Das haben zahlreiche Batteriespeicher-Investoren erkannt und bereits vor Monaten Kontakt mit den Flächeninhabern rund um das Umspannwerk aufgenommen. Drei Bauvoranfragen der Projektierer-Firmen wurden vom Landkreis bereits positiv beantwortet. Inzwischen haben sich weitere Projektierer-Firmen langfristige Pachtverträge bei den Flächenbesitzern gesichert.

Bis zu 740 Megawatt können in der Spitze gespeichert werden

Für die Batteriespeicheranlagen sind Flächen von 5 bis 17,7 Hektar pro Anlage vorgesehen. Sie können jeweils zwischen 110 und 740 Megawatt-Peak Strom speichern. Die momentanen Pläne würden einen Flächenverbrauch von etwa 63,3 Hektar in der Gemeinde Alfstedt bedeuten. Die Firma Tennet möchte zudem in absehbarer Zeit auch noch ihr Umspannwerk erweitern. Die Flächen sind bereits dafür gesichert.

Im Dezember gab es nun eine Änderung im Baugesetzbuch, die eine schnelle Umsetzung der Projekte offenbar verzögern wird. Bisher galten die Batteriespeicher-Projekte rund um Umspannwerke als privilegierte Bauvorhaben, die der allgemeinen Energiesicherheit dienen. Ein langwieriges Bauleitplanverfahren war nicht notwendig.

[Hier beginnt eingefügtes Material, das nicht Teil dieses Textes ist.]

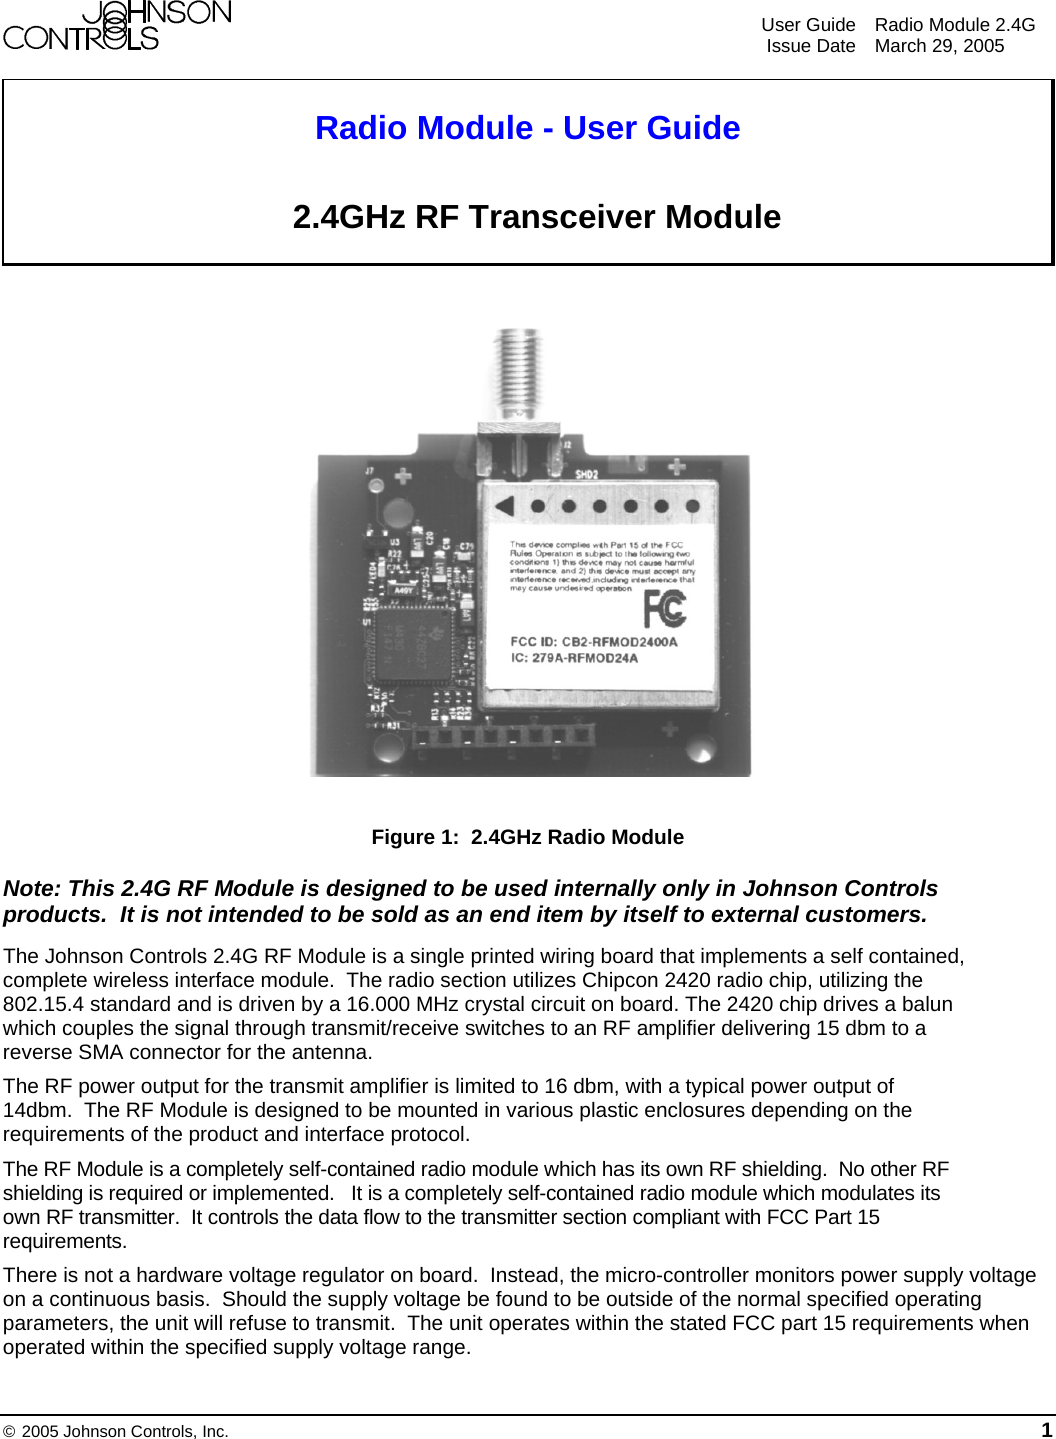    User Guide  Radio Module 2.4G  Issue Date  March 29, 2005  © 2005 Johnson Controls, Inc. 1       Radio Module - User Guide   2.4GHz RF Transceiver Module                                                   Figure 1:  2.4GHz Radio Module Note: This 2.4G RF Module is designed to be used internally only in Johnson Controls products.  It is not intended to be sold as an end item by itself to external customers. The Johnson Controls 2.4G RF Module is a single printed wiring board that implements a self contained, complete wireless interface module.  The radio section utilizes Chipcon 2420 radio chip, utilizing the 802.15.4 standard and is driven by a 16.000 MHz crystal circuit on board. The 2420 chip drives a balun which couples the signal through transmit/receive switches to an RF amplifier delivering 15 dbm to a reverse SMA connector for the antenna.  The RF power output for the transmit amplifier is limited to 16 dbm, with a typical power output of 14dbm.  The RF Module is designed to be mounted in various plastic enclosures depending on the requirements of the product and interface protocol.   The RF Module is a completely self-contained radio module which has its own RF shielding.  No other RF shielding is required or implemented.   It is a completely self-contained radio module which modulates its own RF transmitter.  It controls the data flow to the transmitter section compliant with FCC Part 15 requirements. There is not a hardware voltage regulator on board.  Instead, the micro-controller monitors power supply voltage on a continuous basis.  Should the supply voltage be found to be outside of the normal specified operating parameters, the unit will refuse to transmit.  The unit operates within the stated FCC part 15 requirements when operated within the specified supply voltage range.

Neue gesetzliche Vorgaben nicht erfüllt

Die Gesetzesänderung sieht nun vor, dass Batteriespeicheranlagen nur privilegierte Verfahren sind, wenn sie in einem Radius von 200 Metern um ein Umspannwerk liegen, eine Fläche von maximal fünf Hektar umfassen und eine Stromleistung von vier Megawatt-Peak bevorraten können.

Diese neuen Vorgaben treffen auf keines der geplanten Projekte in Alfstedt zu. Die geplanten Batteriespeicher sind deutlich größer. Die bereits positiv beantworteten Bauvoranfragen können in dieser Form wohl nicht schnell realisiert werden.